Well… it was certainly out there, I'll tell you that much!


And as you were up there, was it stressful or helpful to have your husband, cousin, father-in-law, and sister there, too?

It was definitely helpful to have loved ones there, because even if you fail they'll still love you. It did add an extra degree of, 'Oh shit….' I mean, you have a background in performance; so does Josh. [Josh's dad] Gary doesn't, but you know, he's like the worst critic of all time. So there was a little bit of that, but in the moment… to be honest, I forgot you were even there.

Gee, thanks. How was the competition different from what you imagined?

These guys knew a lot. Their knowledge of beer was pretty tremendous. I guess I wasn't expecting their beer philosophies to be so detailed. Almost like they wrote essays. Mine was just like, "I like beer. DERP!" They actually had legit philosophies. I was really blown away by that.

And yet, you won. How did it feel to win?

I mean, it was amazing! And to be honest, to be the only woman contestant — and the only woman on stage, because all the judges and the MC were men — it kind of felt even better. In this world, especially in the beer world, which is dominated by dudes, it's kind of cool to be like, "Hey! There's a vagina over here, too."

That was an amazing aspect of the evening. But I mean, clearly the craziest part: FREE BEER FOR LIFE?!

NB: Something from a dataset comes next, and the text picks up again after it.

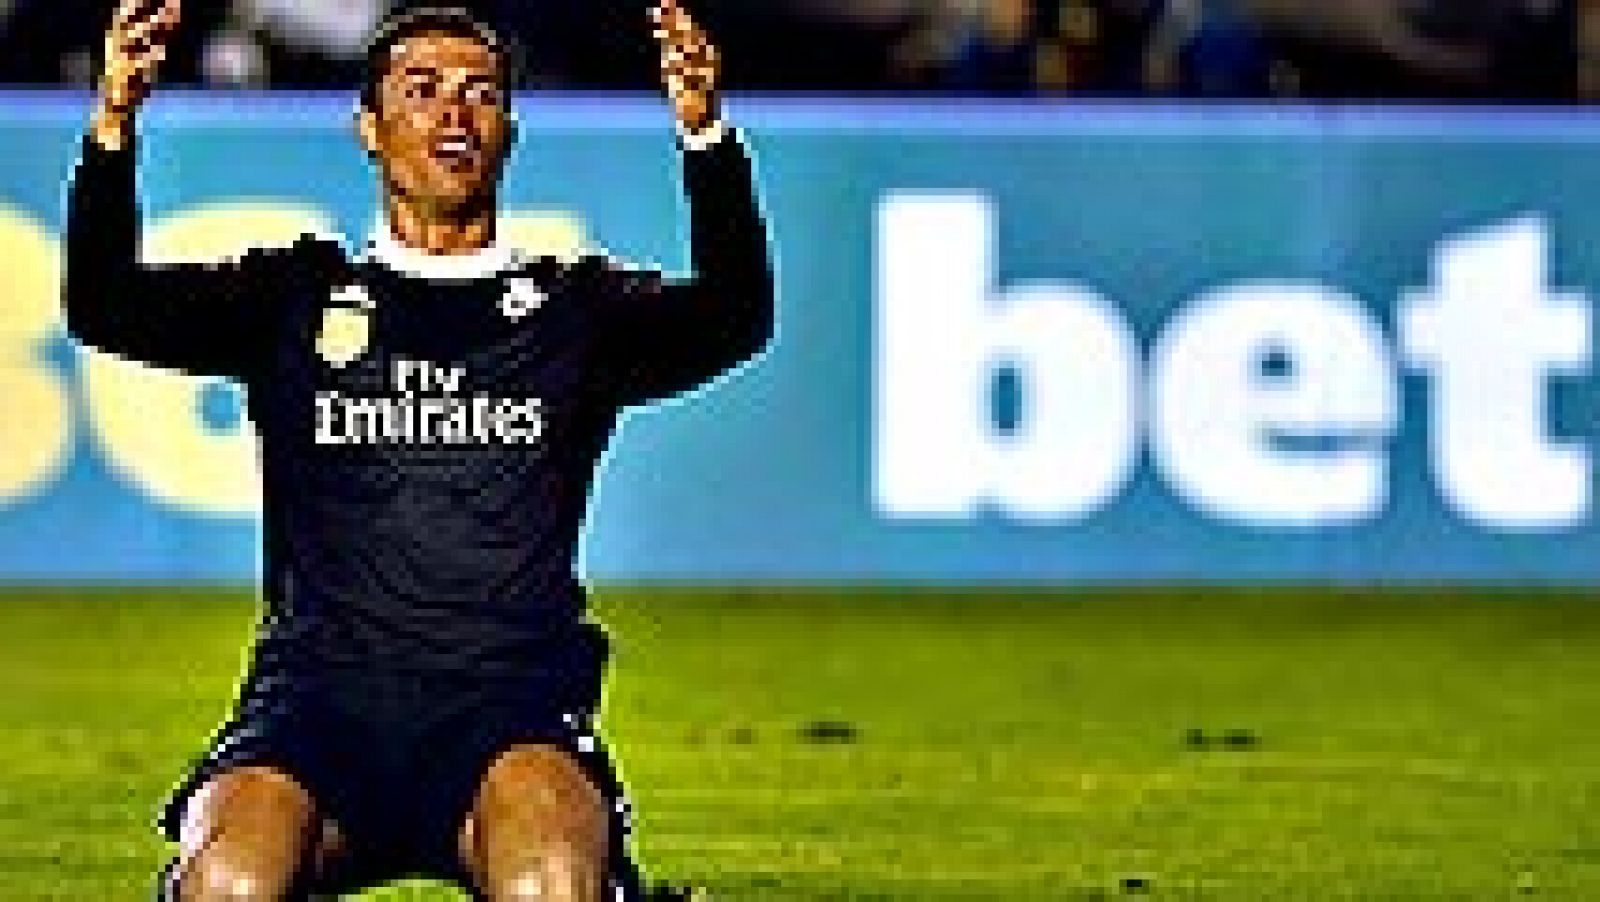 El Real Madrid ha decidido presentar al Comité de Competición de la Real Federación Española de Fútbol (RFEF) alegaciones por la tarjeta amarilla que recibió el portugués Cristiano Ronaldo en Vallecas ante el Rayo, con la que cumple ciclo de amonesta

That's nuts! And, like, the card that they gave me, there's no stipulations. It just says 'Free beer for life at Wynkoop.' Just: free beer until I'm dead. I mean, that's insane. I haven't been back yet, because you don't want to be that person who's immediately like, "Hey guys, remember me?" "Yes, we remember you. You're still wearing your fucking crown."

Yeah, you're like, "I deserve my free beer now!" And they're like, "Ugh, here we go…"

I'm gonna use this to be the biggest dick possible.

Good. But aside from the free beer, are there other benefits to winning this?

There are a lot of bragging rights. And it's cool: Black Shirt [Brewing, my employer] broadcasted it on their social media. But a lot of people don't know what the competition is, so there's a lot of explaining — people think I competed against two dudes in chugging beer, and I won. Which actually kinda sounds pretty sweet, the fact that people think I could even do that. Also, I haven't been here that long, so it's like, "Oh, who's this girl? What's she doing?" It's kind of nice, it opened a few doors to be able to meet people. And I get to brew beer at Wynkoop, so that's cool.

That's probably the coolest thing, actually. Man, can you teach me how to drink like you?

Yeah, if you want me to take you on as an apprentice, I'm taking applications. Cover letters are important.

Nah, my side of the family already thinks that, as a beer writer, I'm basically nothing but a lousy drunk. You think yours will think that about you now, too?

They thought that before. This just solidifies it.